Anyone know any good apps for Stage Managers or Lighting for that matter?


----------



## CPayneLighting (Nov 12, 2015)

Well that all depends on what you are looking for. 

For Stage Managers, apps that I've found useful are a simple PDF editor, you can scan in your script then you can type notes, highlight lines, insert pics, really anything you want. then you can email out, or print script updates very easily. On the more expensive side there is a great app called stage write that you can use for blocking and scene shifts. You can even animate scenes so the pieces move around.

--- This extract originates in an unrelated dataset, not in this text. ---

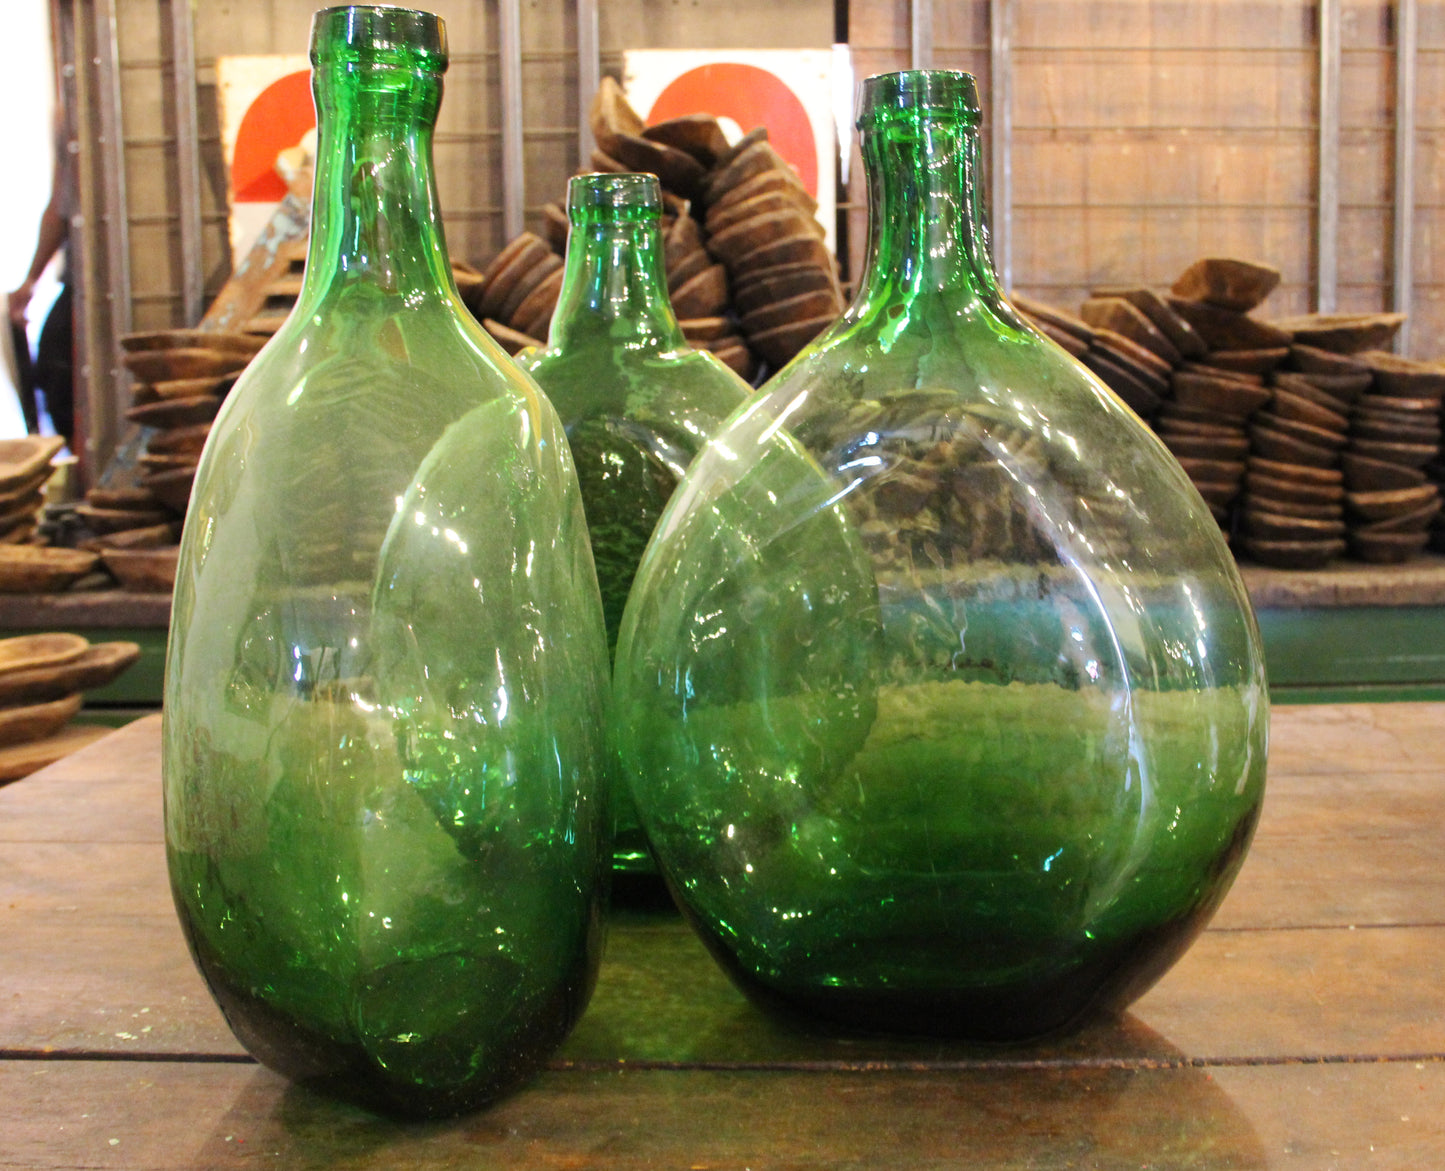 Demijohns -round green bottles

For lighting, ETC makes an iRFR app to connect to your ETC console, which allows you to control playback, do dimmer checks, and follow playback in real time and take notes on cues. Also there is Touch OSC to connect to other consoles. Lightwright makes an app that connects with the computer version to update paperwork on the fly. Barbizon has an app version of their Electrician's handbook that is very handy. Both Rosco and Apollo make apps for their gobos. There is also a great app called gel swatch library that lets you look up and compare gel from all the major companies. Also as a student you can get free versions of Auto-cad and Vectorworks to do drafting, another free drafting tool is Sketchup. You can use all three of these with stagewright to import ground plans. There is an app called Lampy LX that can help with basic power calculations, dmx addressing, and many other basic functions within lighting.

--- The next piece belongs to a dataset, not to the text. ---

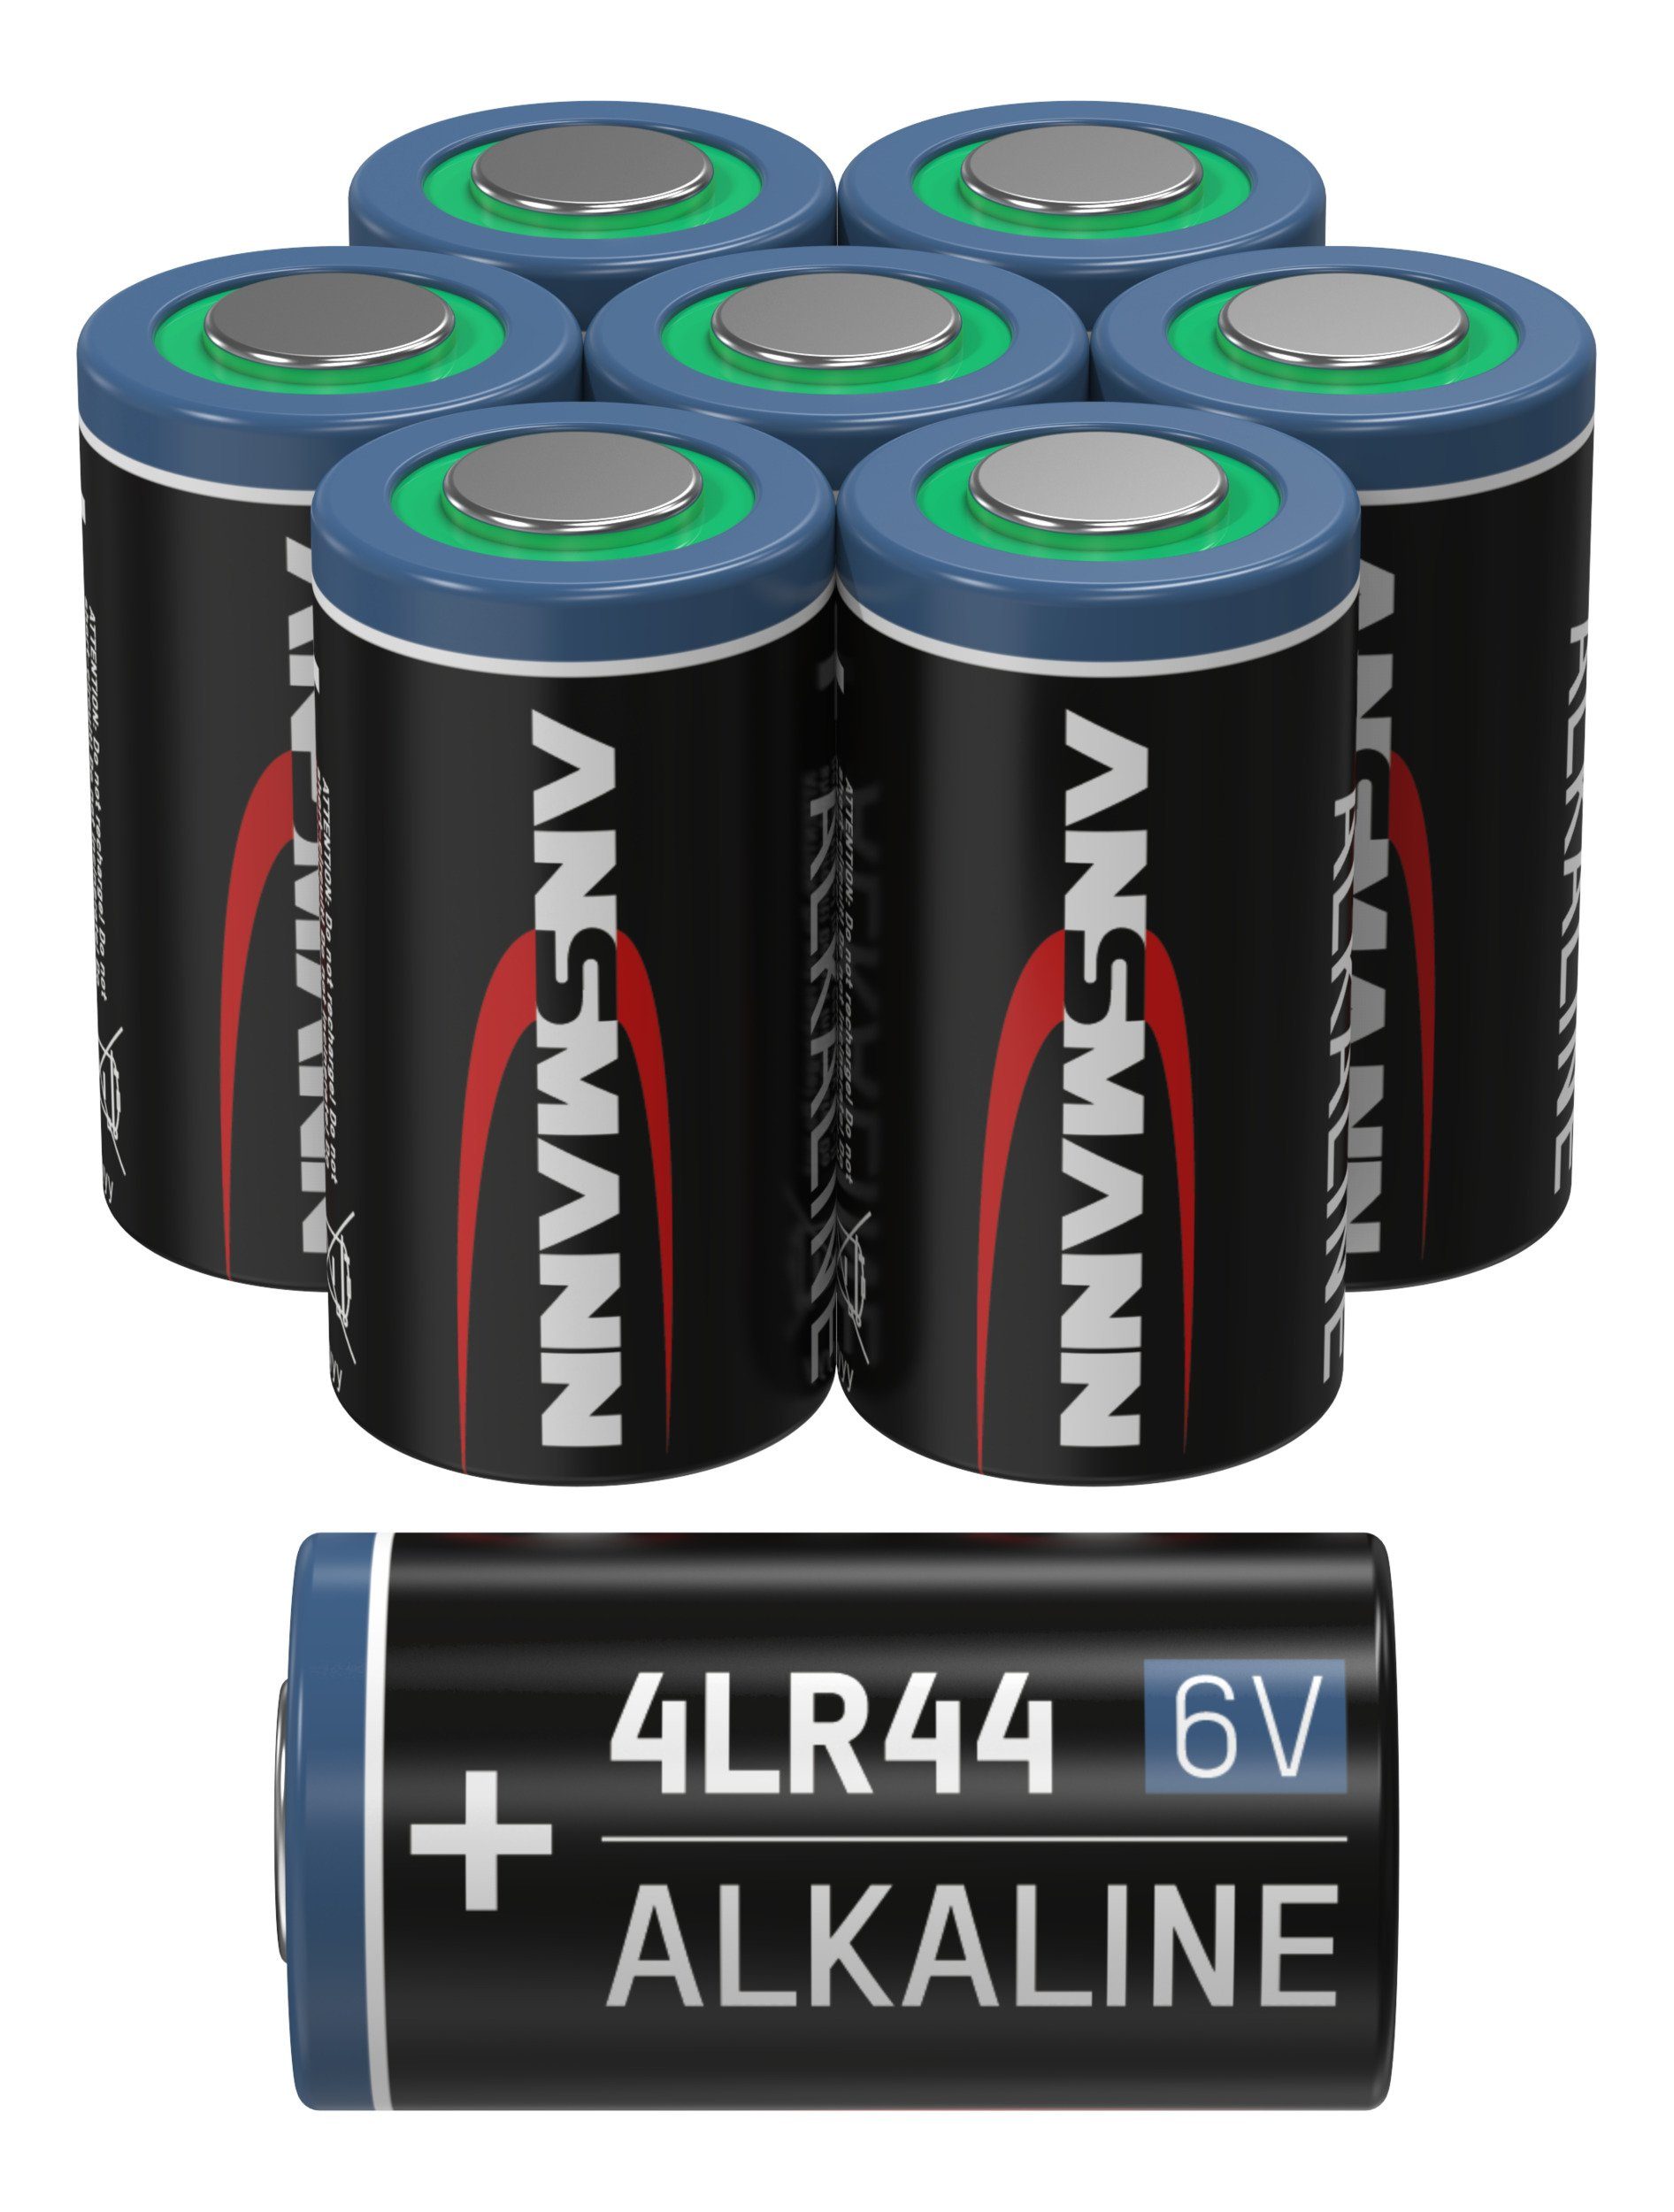 Batterie Pack Spezialbatterie 6V 8er Batterie 4LR44 Alkaline - ANSMANN®

These are just a few of the apps out there that can help you.


----------



## derekleffew (Nov 12, 2015)

https://www.controlbooth.com/wiki/?title=iPhone-iPodTouch-iPad-Apps-for-Theatre


----------



## AsherSB (Dec 2, 2015)

CPayneLighting said:


> There is an app called Lampy LX that can help with basic power calculations, dmx addressing, and many other basic functions within lighting.




What app? I can't find it.


----------